> Task item: Every line of the entries below from the one containing "Locomotive Engine Breakdowns" to the one containing "The central swimming", both ends included, must be written out exactly. No other line belongs in the answer.

> Supplied material:
------------------------------
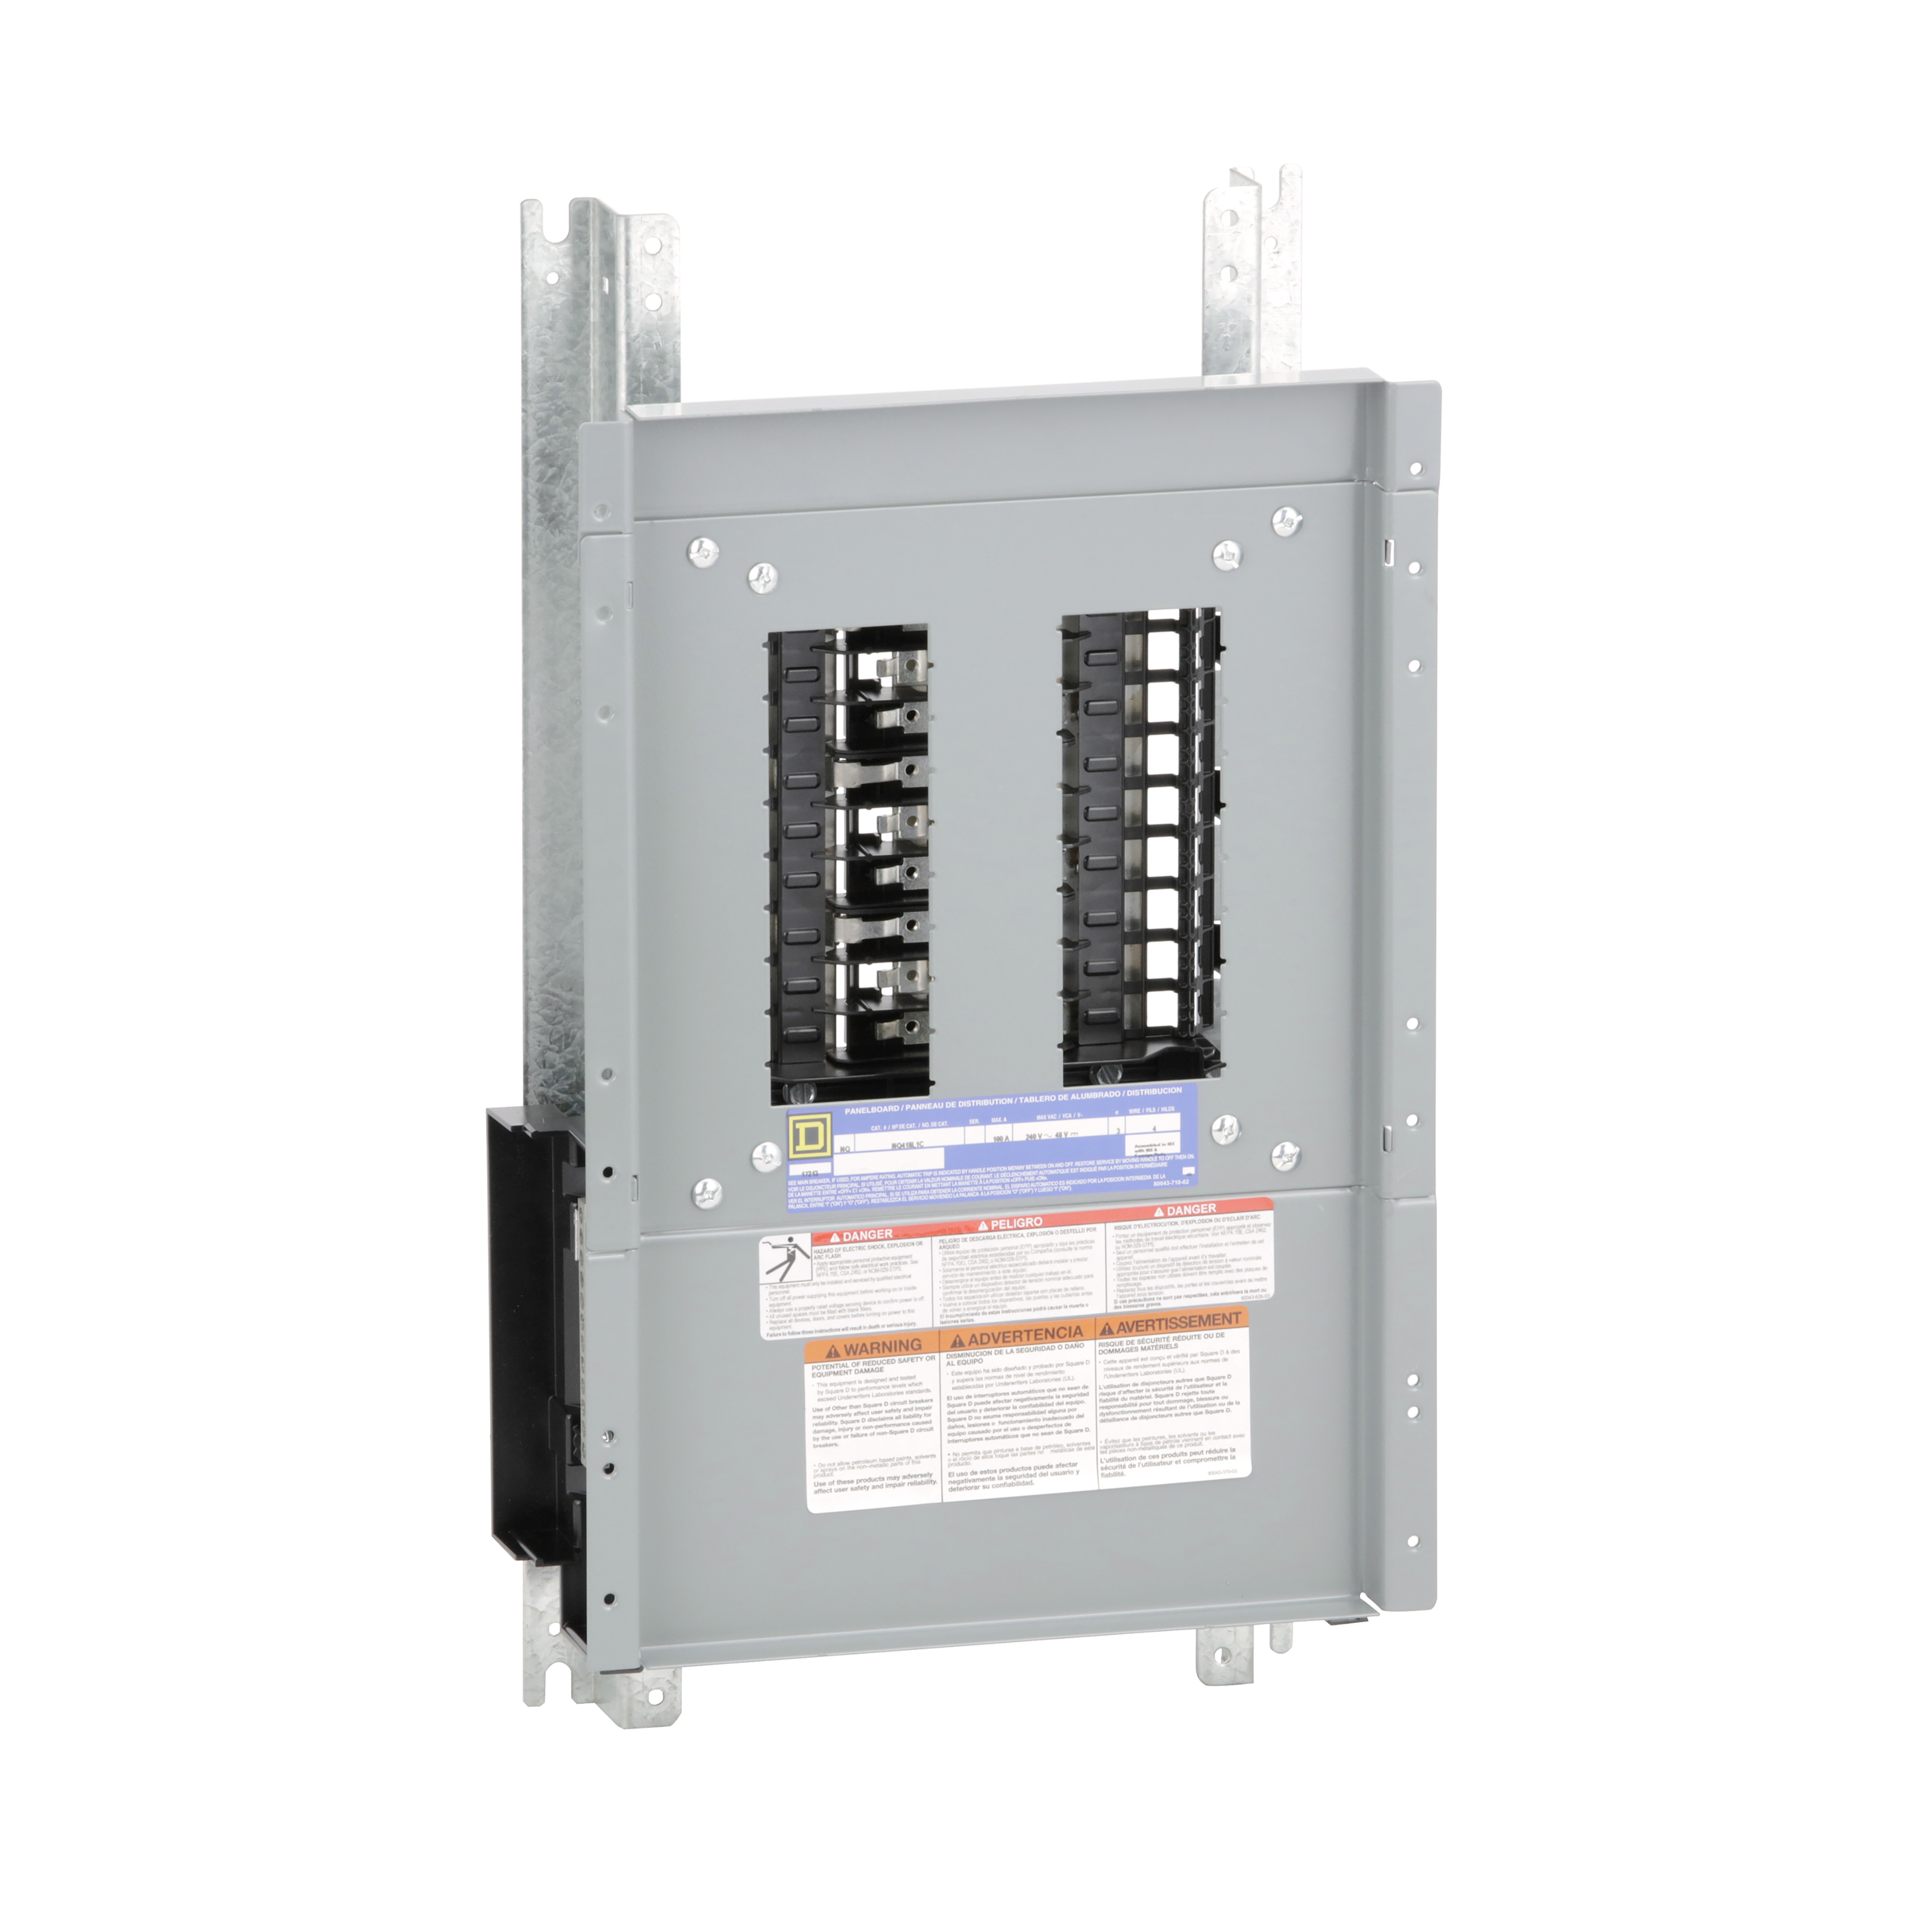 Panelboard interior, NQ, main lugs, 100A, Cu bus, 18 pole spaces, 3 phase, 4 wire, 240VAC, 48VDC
------------------------------
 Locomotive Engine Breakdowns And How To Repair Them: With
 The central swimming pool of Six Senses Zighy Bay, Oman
------------------------------
> Completed exercise:
 Locomotive Engine Breakdowns And How To Repair Them: With
 The central swimming pool of Six Senses Zighy Bay, Oman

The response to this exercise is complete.